Carel Lotz | Sep 18th, 2009, 10:47 AM

Another downfall of this approach is that you cannot automatically log the place where the logging occured as the log statement is deferred via the lamda expression. This quickly breaks up the flow of your log statements as it doesn't accurately reflect where the logging statement was made from.

nappisite | Sep 18th, 2009, 2:13 PM

Interesting idea, worth further invesigation.

Damian Powell | Sep 18th, 2009, 3:35 PM

For a website, do we really care about spending 2 seconds logging for every 1000 requests served? My guess is no. Especially when we compare with the potential time required for tracking down a multi-threading bug caused by using an asynchronous logging implementation, or trying to understand why "my application doesn't work but as soon as I turn on logging, the bug goes away" which is caused by a side effect of conditionally executing logging logic. Anyone remember the Release-build-only bugs in C++?

My default position is to do logging synchronously, leave it turned on all the time, and optimize *if* there is hard evidence of a performance problem. Even if you do hit a performance problem it's likely to be cheaper (in a web site) to scale out than to spend time investigating and fixing it.

Mark S. Rasmussen | Sep 19th, 2009, 3:39 AM

@Carel
Why can you no longer automatically log the stack at log time? As long as the actual logging lambda is being executed synchronously (as I recommend) you should be able to pull the current stack frame and get the calling method instead of the actual method.

@Damian
I trust you realise that this code wasn't specific for websites, it's an issue in both desktop/website code.

I actually think 2 seconds is a lot for 1000 requests. Note that this is for 1000 log calls - and there may be several log calls per request, especially if we log across multiple layers in our architecture.

The logging infrastructure really isn't complex provided you execute the lambda in a synchronous way as I recommend - the actual persistance of log messages may be asynchronous, but that's straightforward to implement. A lot of logging frameworks today will give you various ways of persisting it - this method can you be a wrapper on top of an existing logging framework.
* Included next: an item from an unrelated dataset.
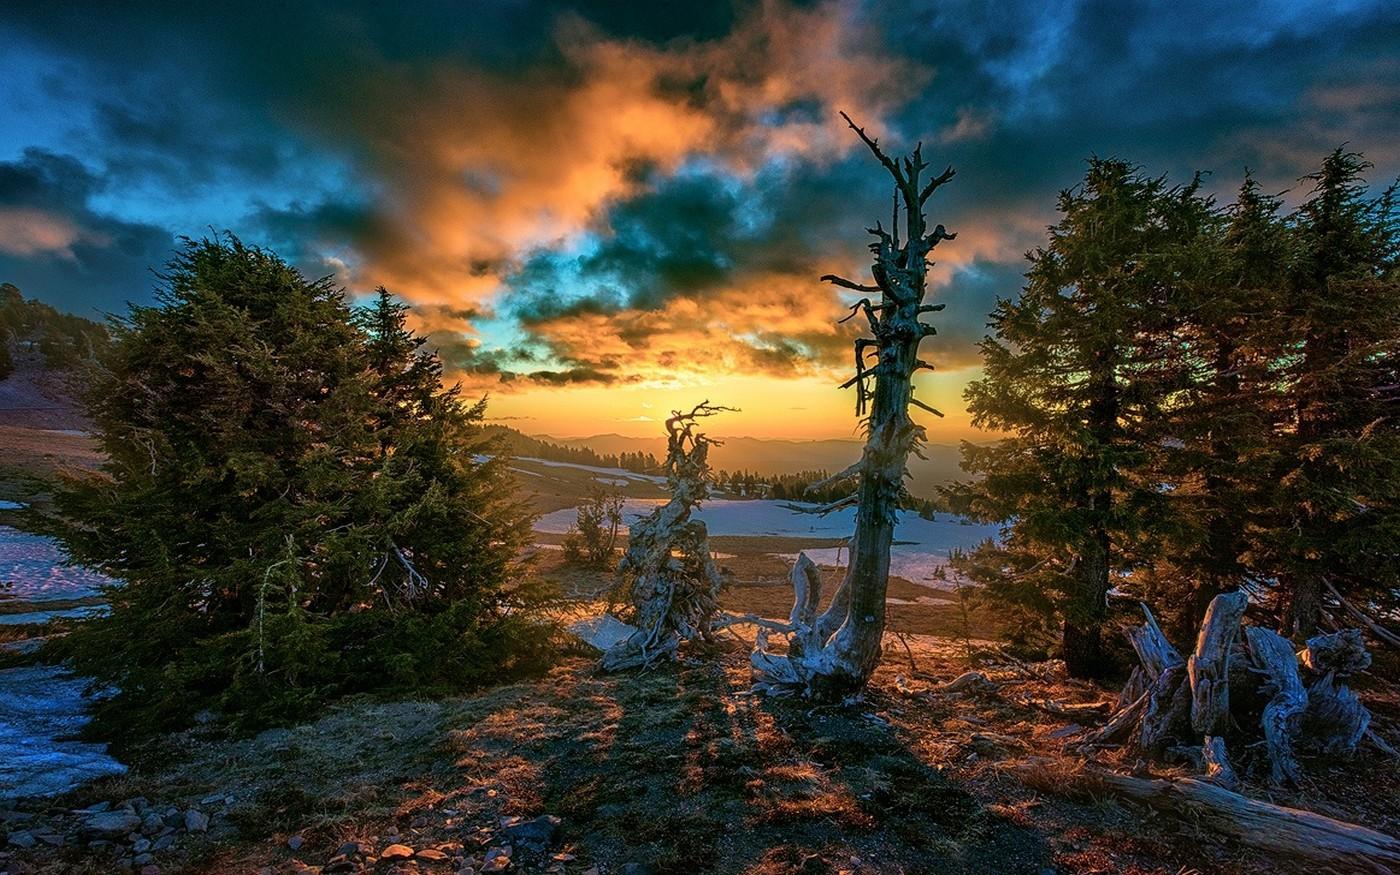 Simple Wallpaper Minecraft Autumn - 1400x875_px_clouds_Fall_Hill_landscape_nature_Oregon_snow-701437  2018_1009794.jpg!d

Finally, the cost per log-call will of course vary on what you're doing in the log call. If you're just logging static strings then you won't gain anything by deferring the execution. If instead you're doing some complex logic, the gain will be bigger.

Damian Powell | Sep 19th, 2009, 1:24 PM

@Mark,

Yes, I realise that your code wasn't specific to a website, but my reply was. That said, depending on how a a smart client app works, my comments might be applicable there too. Although, obviously 100 calls in a tight processing loop is quite possible in some sort of data processing app and would be a bad idea. However, a few tens or hundreds of calls during the creation of a page on a website isn't going to be so bad when considering the latency of the web and the database - unless you're Amazon!

Don't get me wrong, I like the lambda syntax for conditional logging, it's very neat. My problem is with the idea of conditionally executing logging statments at all. Even 'if (logger.IsEnalbed) { ... }' is not a good idea if there's anything in the braces other than calls to logger and string concatenation. The reason I say that is becase I've seen too many problems in the past (in C++ code) where someone has used a macro to conditionally trace debug output which has then caused different behaviour in a release build. In C#, it's more likely to be something like a property getter that has a sneaky side effect that causes the problem.

Erich Eichinger | Sep 20th, 2009, 6:39 PM

If you are looking for a full, ready-to-use implementation of this strategy, I already implemented it a while ago in the Common.Logging library available at http://netcommon.sourceforge.net/, see also my blog post at http://eeichinger.blogspot.com/2009/05/common-logging-20-for-net-released.html to see how it works.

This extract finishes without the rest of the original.